0

I was asked for the question that which classification loss function is relatively not sensitive to the imbalanced sample (tree, regression, e.t.c.)?

I know that imbalanced sample will affect the accuracy including recall, ROC, AUC e.t.c. And usually we will use re-sampling (undersampling and oversampling) to pre-process the imbalanced data.

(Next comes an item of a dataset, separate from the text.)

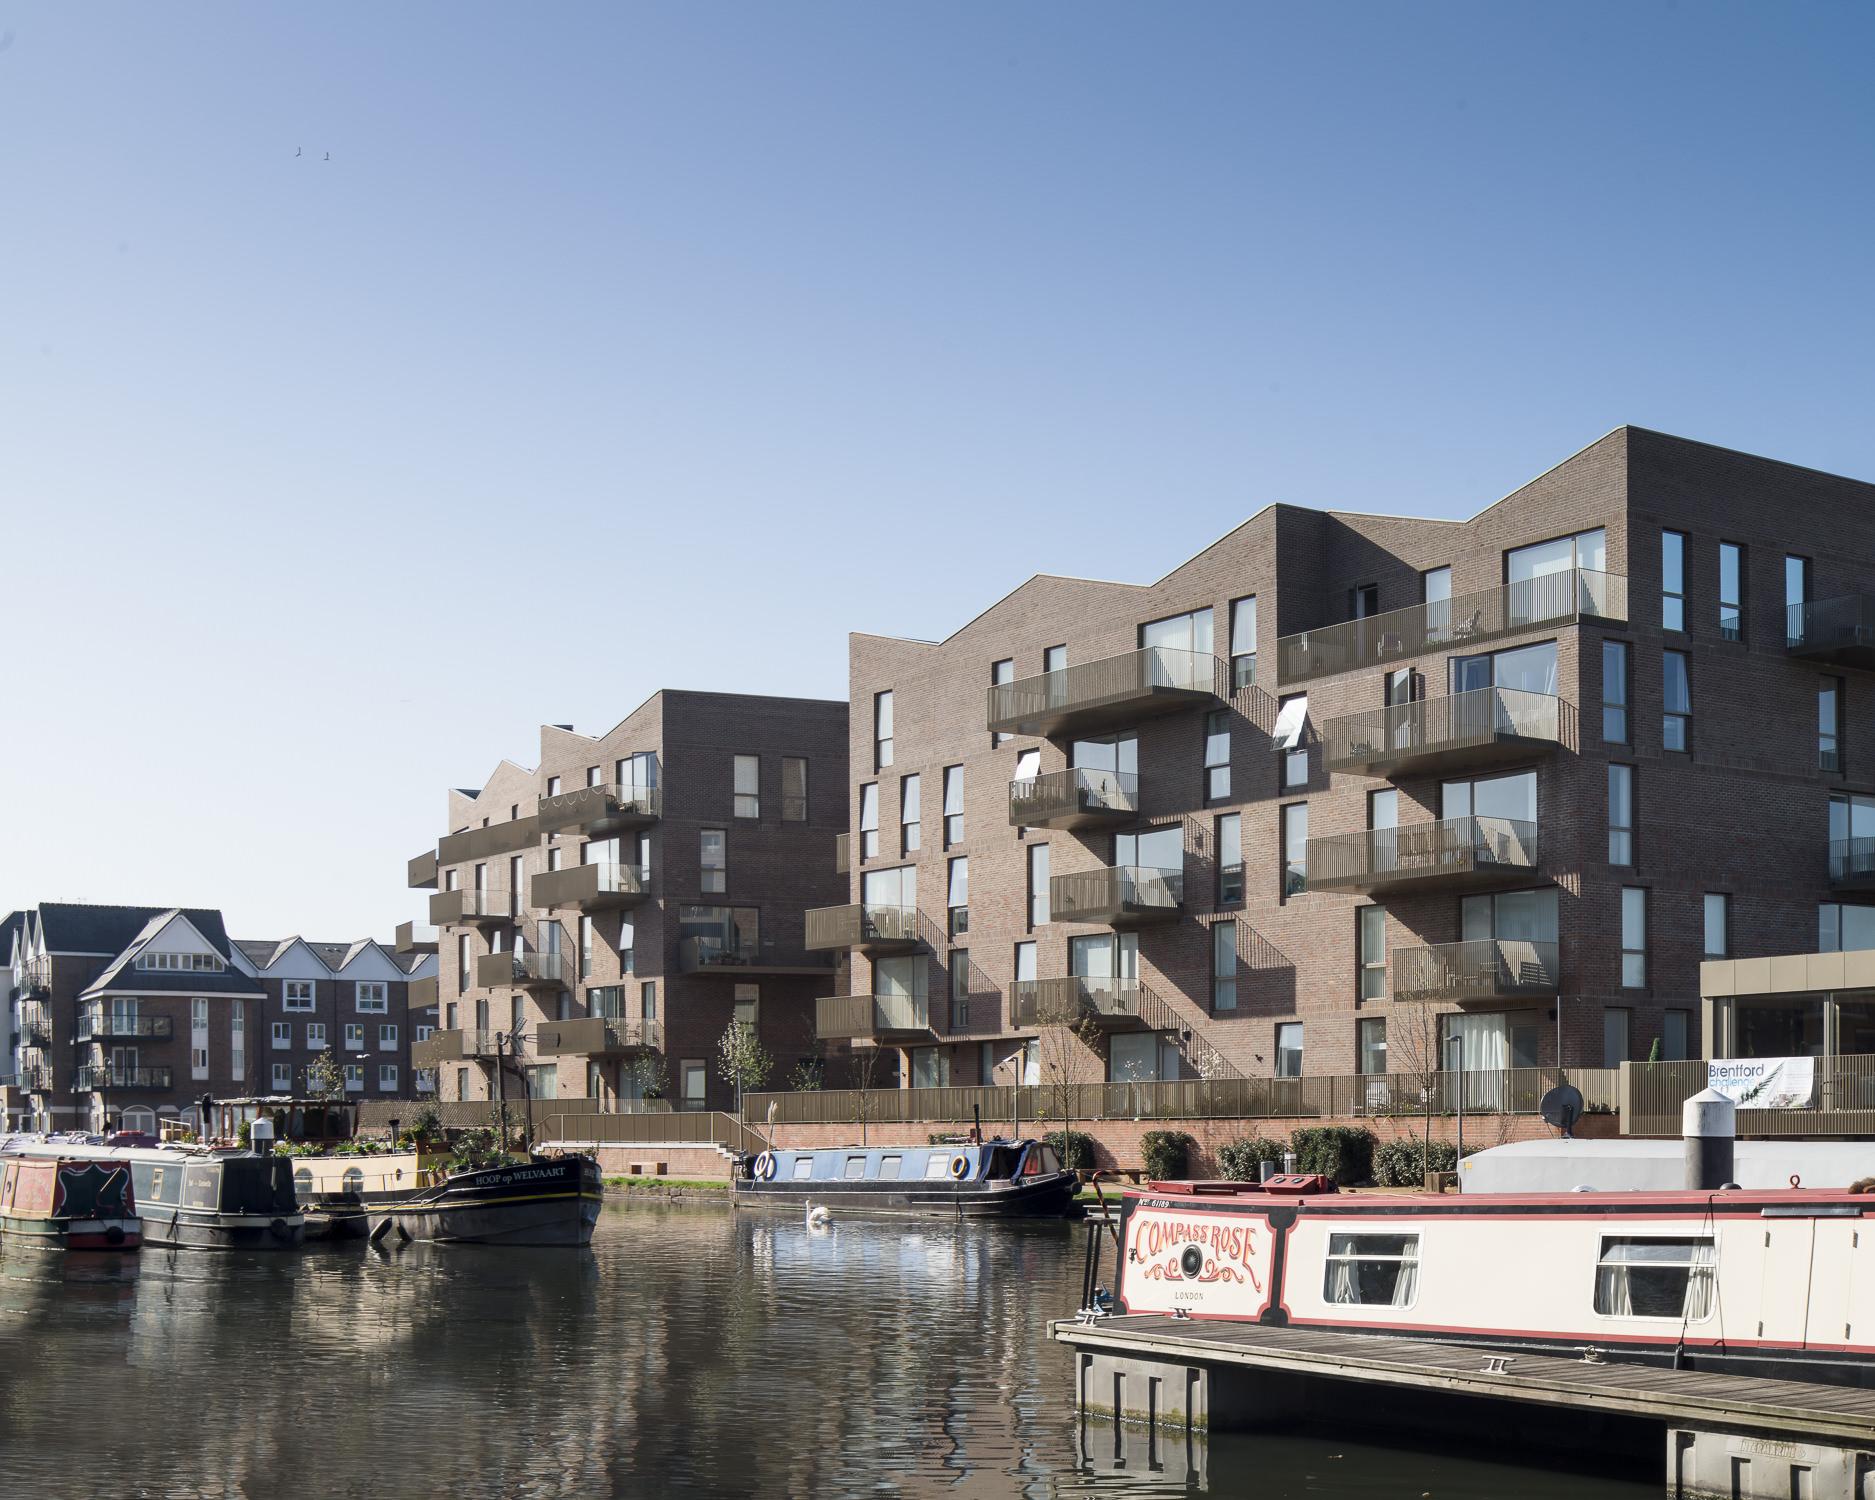 duggan-morris-brenrtford-lock-mark-hadden-amsterdam-architecture-photographer-architectuurfotograaf-025.jpg
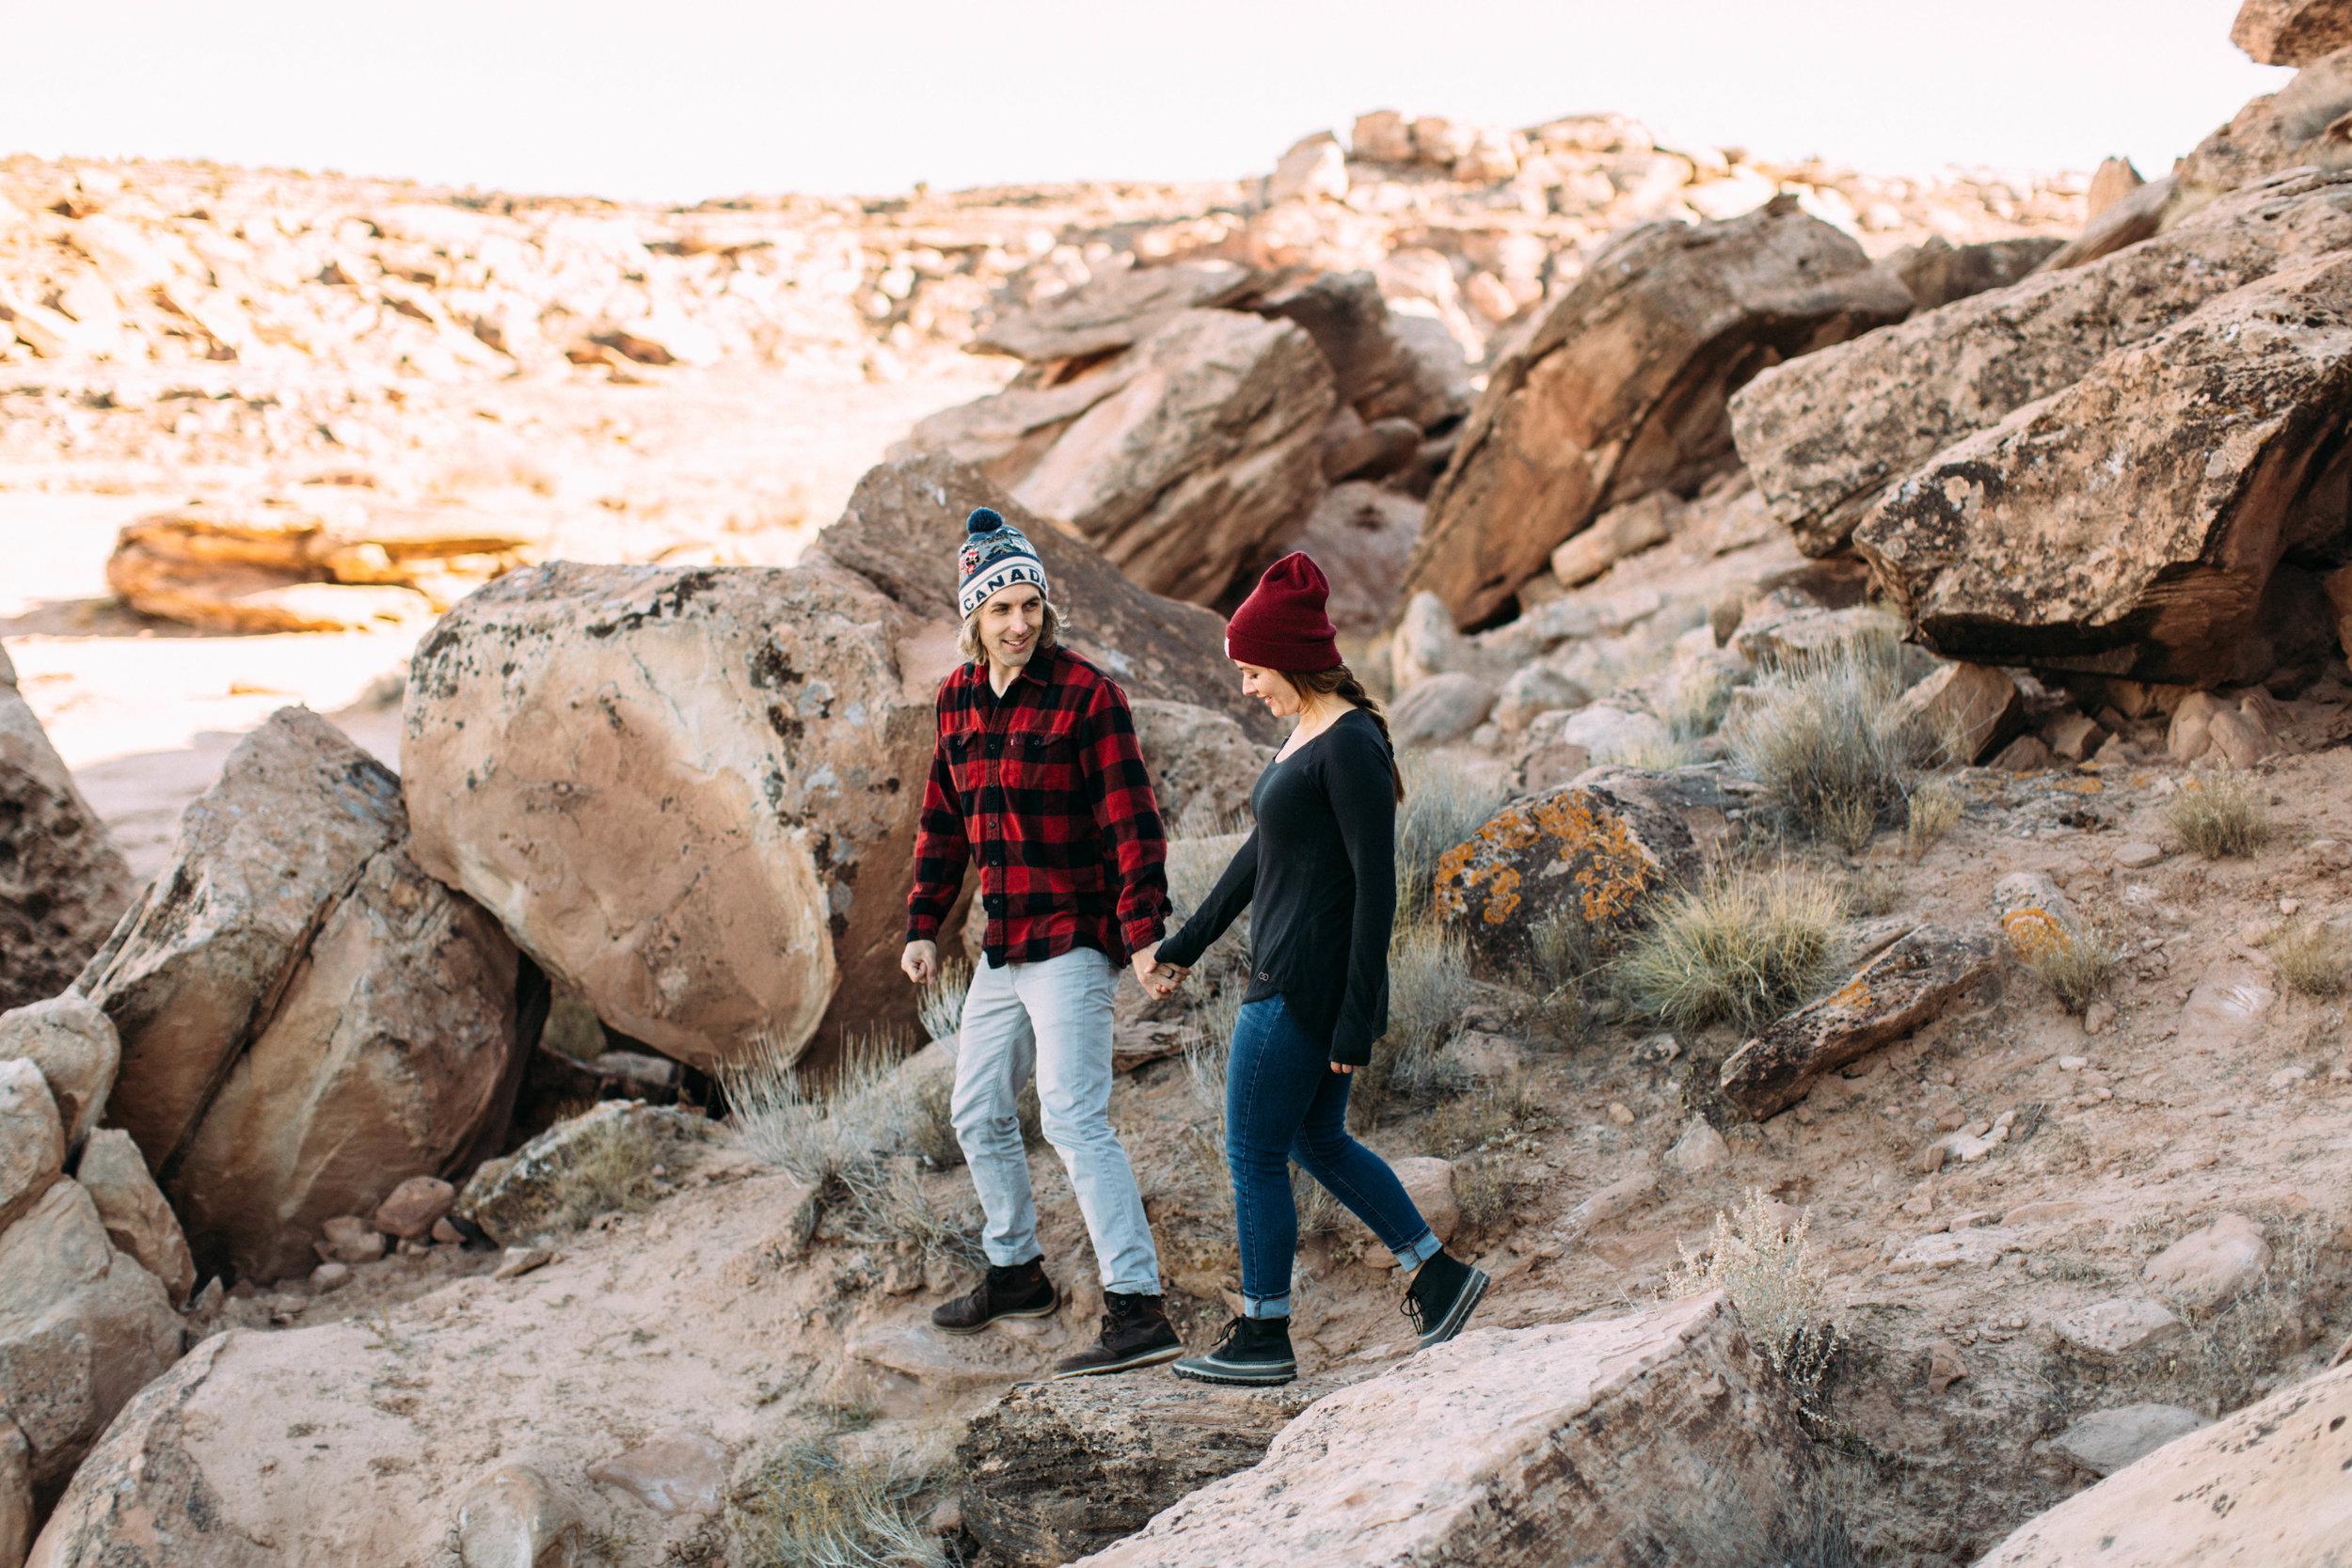 Engaged-Couple-Vanlifers-Hiking.jpg

But I don't which classifier is relatively not sensitive to the imbalanced sample.

user6703592
  • 745
  • 3
  • 8
  • 2
    Class imbalance almost certainly is not a problem, and there is no need to use undersampling or oversampling to solve a non-problem. https://stats.stackexchange.com/questions/357466/are-unbalanced-datasets-problematic-and-how-does-oversampling-purport-to-he https://www.fharrell.com/post/class-damage/ https://www.fharrell.com/post/classification/ https://stats.stackexchange.com/a/359936/247274 https://stats.stackexchange.com/questions/464636/proper-scoring-rule-when-there-is-a-decision-to-make-e-g-spam-vs-ham-email https://twitter.com/f2harrell/status/1062424969366462473?lang=en – Dave Nov 14 '21 at 13:35
  • @Dave Actually I am not sure the meaning of `classification loss function` here, did interviewer just simply want me to talk something like accuracy, ROC do not perform well under imbalanced samples rather than let me state the classifier not sensitive to imbalance? – user6703592 Nov 14 '21 at 13:46
  • 1
    I would discuss the reasons why class imbalance is not such a problem, which is explained quite well in the first link I gave. // What does it even mean to be “sensitive” to class imbalance? – Dave Nov 14 '21 at 13:53
  • @Dave from your first link, I understand as 1. imbalance will not affect the training, even the large variance of estimation for minority class is because of lack of samples rather than the imbalance between minority class and majority class. 2. imbalance will really affect the criteria like accuracy, however accuracy itself is not a perfect criteria for all the classifiers. Pls correct me, if something is misunderstand. – user6703592 Nov 14 '21 at 14:10
  • 1
    I have yet to figure out what it means to "affect" the training or what "sensitivity' to class imbalance means. Yes, the data influence what you're doing and the results you will get. // Accuracy is problematic in imbalance because you could get an impressive-looking $98\%$ accuracy, even though guessing everything to be a member of the majority class outperforms your model by giving $99\%$ accuracy. Kolassa gets into why accuracy is a problem for perfectly balanced data sets, too, however. – Dave Nov 14 '21 at 14:22

0 Answers0